His voice choked with emotion, LeMond recounted the moments he had suppressed for years, never telling his wife, Kathy, or their three sons.
“I don’t know when it all started,” LeMond said, taking a long drink of water, in an effort to collect his thoughts. “I was 11, maybe 12. He was a friend of my father’s, almost like an uncle to me.
“We went water skiing at Lake Tahoe and camping. He spent the night and slept in my room.”
The family friend introduced the young LeMond to pornography, and one night, the unthinkable happened.
“I didn’t know what had just happened,” LeMond said. “But it did, and I was ashamed. How many times did it happen? I don’t know, I have blocked out so much of that part of my life. And I never told my wife, my sister, my kids. I did finally tell my parents – years later – and they didn’t believe me. They got very defensive.

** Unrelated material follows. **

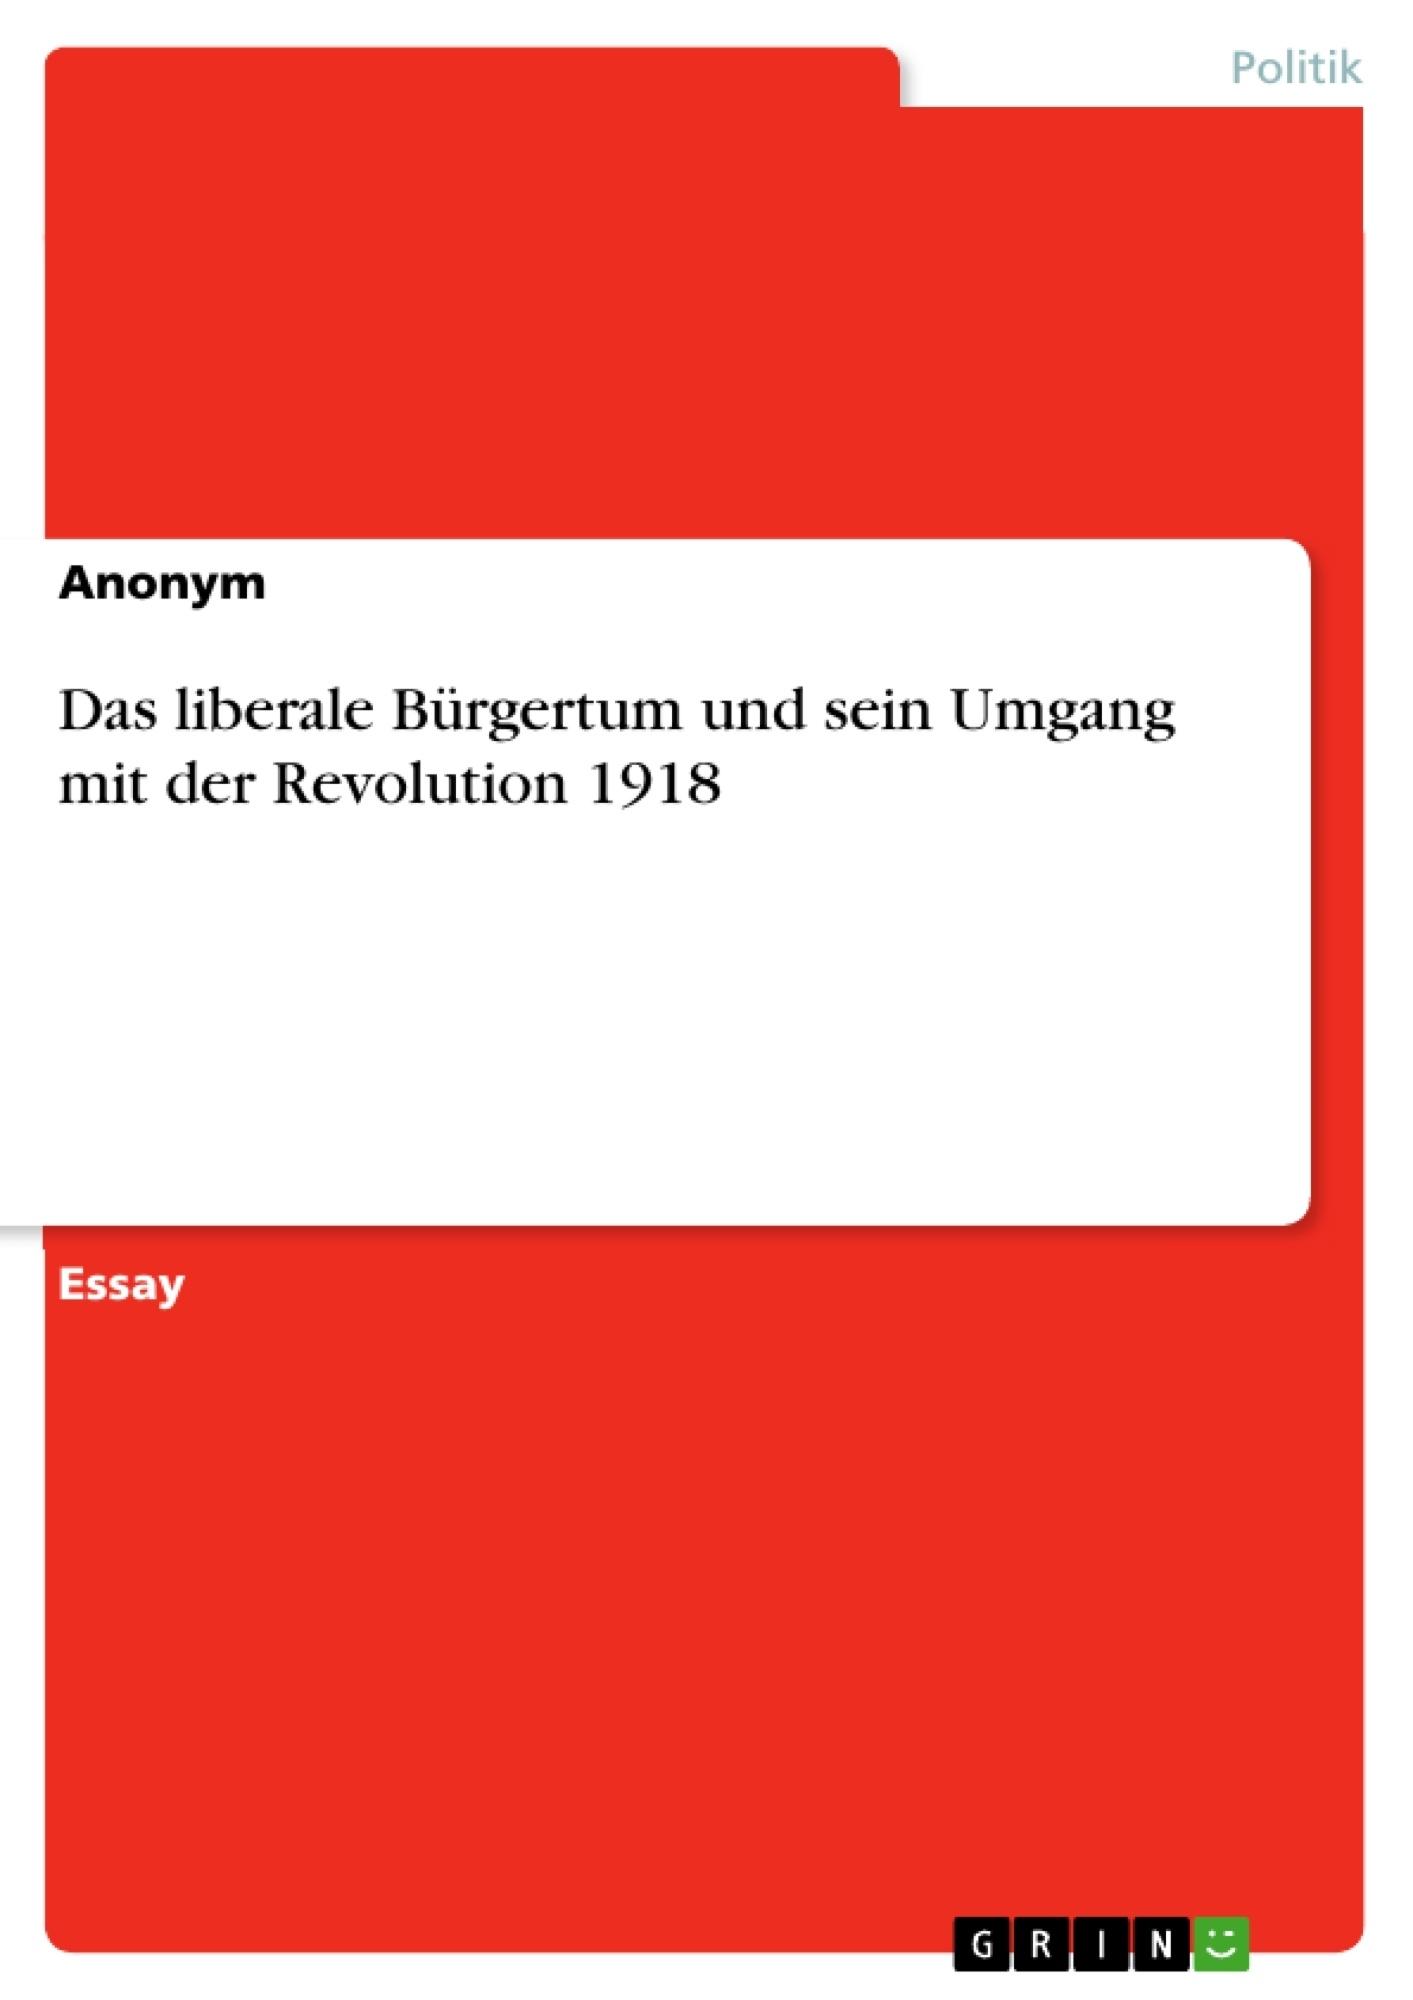 Titel: Das liberale Bürgertum und sein Umgang mit der Revolution 1918

That was devastating, too.”
The abuse stopped one night when LeMond recalled a moment that changed his life forever.
“My mom got all my dad’s stuff and threw it out the window and yelled, ‘I want all your dead-beat friends out of here.’ My dad quit drinking, the freeloaders were gone and the abuse stopped.”
But the memories lingered – and festered.
There were some bright moments, but they too became cloudy and overcast.
LeMond’s father began cycling with his son and soon became his manager.
That led to another crisis, as LeMond explains, “I no longer became his son. I was just a commodity.”
Soon, LeMond was an international celebrity.
“I basically re-invented myself,” said LeMond, who also suffers from ADD. “When I won the Tour de France, all I could think was, ‘What if this guy outs me?’ I was terrified.”
After winning the Tour in 1986, he was accidentally shot by his brother-in-law while they were turkey hunting. He stunned the cycling world by coming back and claiming two more victories.
But LeMond’s travel schedule took a toll on his family, especially his son Geoffrey, who was born in 1986.
“He had so much anxiety,” LeMond said. “When I left, he was afraid I wasn’t coming back.”
Geoffrey’s anxiety level reached the breaking point when he was teenager.
He had an argument with his father.
“He called me a horrible father,” LeMond recalled, “and I guess I was. I was on the road 200 days a year and was not there when he was growing up.”
He wanted to tell his son about the abuse that had taken place when he was 11 or 12, but he couldn’t muster the courage.
“One night, I got (expletive deleted) faced,” LeMond said. “I drank a bottle of scotch and was going to tell Kathy, but I couldn’t.”
Instead, LeMond left his family, had a brief affair with a woman and determined that he needed help.
Kathy stuck by his side and convinced him to seek therapy.
“I was sabotaging my life, and I needed help,” he said, “and I found it through therapy. I found out that the abuse was not my fault and I was getting some peace in my life. I was supposed to have this fairy tale life. I don’t have a fairy tale life, but now, I have a complete life.”
LeMond recently started 1in6 (www.1in6.org), an online service for abuse victims. The numbers indicate that one in six young men have been sexually abused, but LeMond believes the numbers are much higher because it’s not something most men talk about.
LeMond may soon tour the country, making talks similar to the heart-felt message he conveyed in downtown Kansas City, Kan.
“I look forward to my life as a complete person,” he said. “I’m a husband, a father, a person who has great empathy for people who are struggling. I’m really looking forward to the next stages of my life. I really am.”
Editor’s note: Sunflower House (www.sunflowerhouse.org) is a non-residential child advocacy and abuse prevention center serving Johnson and Wyandotte counties.